- Born: Florence Margaret Vere O'Brien 19 September 1896 London, England
- Died: 1970 (aged 73–74)
- Occupations: Writer, artist
- Mother: Florence Vere O'Brien
- Relatives: Frances Egerton Arnold-Forster (aunt) H. O. Arnold-Forster (uncle) William Delafield Arnold (grandfather) Thomas Arnold (great-grandfather)

= Flora Vere O'Brien =

Irish writer

Flora Vere O'Brien (19 September 1896 - 1970) was an Irish writer and artist.
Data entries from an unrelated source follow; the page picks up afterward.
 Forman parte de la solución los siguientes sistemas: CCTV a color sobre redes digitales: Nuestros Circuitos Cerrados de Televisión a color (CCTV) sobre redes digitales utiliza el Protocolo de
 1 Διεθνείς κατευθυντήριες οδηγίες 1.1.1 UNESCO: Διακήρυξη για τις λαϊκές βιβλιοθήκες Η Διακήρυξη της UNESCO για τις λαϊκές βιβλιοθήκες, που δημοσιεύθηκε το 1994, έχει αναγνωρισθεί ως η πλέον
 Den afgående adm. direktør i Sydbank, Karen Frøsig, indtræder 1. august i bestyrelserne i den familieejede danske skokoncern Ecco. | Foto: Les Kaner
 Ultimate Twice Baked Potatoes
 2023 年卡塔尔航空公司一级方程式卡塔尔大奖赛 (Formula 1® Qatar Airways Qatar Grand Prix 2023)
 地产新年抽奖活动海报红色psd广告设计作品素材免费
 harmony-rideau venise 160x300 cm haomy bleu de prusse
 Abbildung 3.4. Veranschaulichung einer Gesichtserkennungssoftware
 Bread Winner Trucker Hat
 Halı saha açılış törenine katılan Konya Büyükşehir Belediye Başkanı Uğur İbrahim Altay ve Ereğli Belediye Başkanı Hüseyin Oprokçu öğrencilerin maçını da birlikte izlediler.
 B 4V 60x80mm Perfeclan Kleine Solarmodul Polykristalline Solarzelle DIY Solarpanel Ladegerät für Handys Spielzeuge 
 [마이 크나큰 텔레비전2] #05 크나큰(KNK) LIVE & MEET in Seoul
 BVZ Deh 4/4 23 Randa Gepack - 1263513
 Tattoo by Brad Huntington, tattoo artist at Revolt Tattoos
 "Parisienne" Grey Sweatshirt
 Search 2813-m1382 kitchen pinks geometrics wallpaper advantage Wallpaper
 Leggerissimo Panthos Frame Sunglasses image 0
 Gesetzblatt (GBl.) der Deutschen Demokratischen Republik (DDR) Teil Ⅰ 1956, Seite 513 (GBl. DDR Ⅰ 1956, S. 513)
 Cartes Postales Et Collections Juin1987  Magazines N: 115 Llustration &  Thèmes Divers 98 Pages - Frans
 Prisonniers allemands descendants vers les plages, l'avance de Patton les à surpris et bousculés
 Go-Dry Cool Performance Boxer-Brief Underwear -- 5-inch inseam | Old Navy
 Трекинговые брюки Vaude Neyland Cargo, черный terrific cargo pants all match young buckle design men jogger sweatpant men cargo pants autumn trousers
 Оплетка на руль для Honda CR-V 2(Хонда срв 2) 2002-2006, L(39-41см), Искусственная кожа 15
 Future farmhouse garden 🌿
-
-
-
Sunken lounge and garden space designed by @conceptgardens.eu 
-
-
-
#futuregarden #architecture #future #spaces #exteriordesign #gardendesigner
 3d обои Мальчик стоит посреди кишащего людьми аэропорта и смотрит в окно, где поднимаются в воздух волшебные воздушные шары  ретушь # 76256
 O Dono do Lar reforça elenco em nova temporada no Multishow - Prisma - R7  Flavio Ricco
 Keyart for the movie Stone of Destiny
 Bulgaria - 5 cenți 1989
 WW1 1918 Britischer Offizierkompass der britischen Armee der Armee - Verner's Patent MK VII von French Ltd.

Her work was part of the literature event in the art competition at the 1948 Summer Olympics.

== Early life ==
O'Brien was born in London and raised at Ballyalla, near Ennis, County Clare, one of the four children of Robert Vere O'Brien and Florence Vere O'Brien. Her mother, born Florence Arnold-Forster, was an artist and writer who ran schools to revive the Irish traditional crafts of Limerick lace and Clare embroidery. Historian Frances Egerton Arnold-Forster was O'Brien's aunt, and politician H. O. Arnold-Forster was her uncle; her grandfather was William Delafield Arnold, a British colonial administrator in the Punjab.

== Career ==
O'Brien displayed her paintings at a 1938 show of women's arts and crafts. During World War II, she hosted German-speaking refugees at her family's farm in County Clare. In 1948, O'Brien submitted a poem ("A Song of the Road") and a linocut print ("The Hurlers") for the arts exhibition of the 1948 Summer Olympics. Another linocut by O'Brien, "Chase", was included in the 1952 exhibition. She donated her mother's letters and other family papers to Trinity College Library in Dublin, in the 1950s and 1960s.

== Personal life and legacy ==
In her later years, O'Brien lived frugally on a small farm in Carrownacloghy (Ceathrú na Cloiche), in Clare. She died in 1970, in her seventies. She left lace samples and sketches and other family items to her niece, Veronica Rowe. In 2000, a book of O'Brien's poems and prints was published under the title Intimations. Her work was featured in a 2024 exhibit of "Irish Art Olympians" at the Waterford Gallery of Art.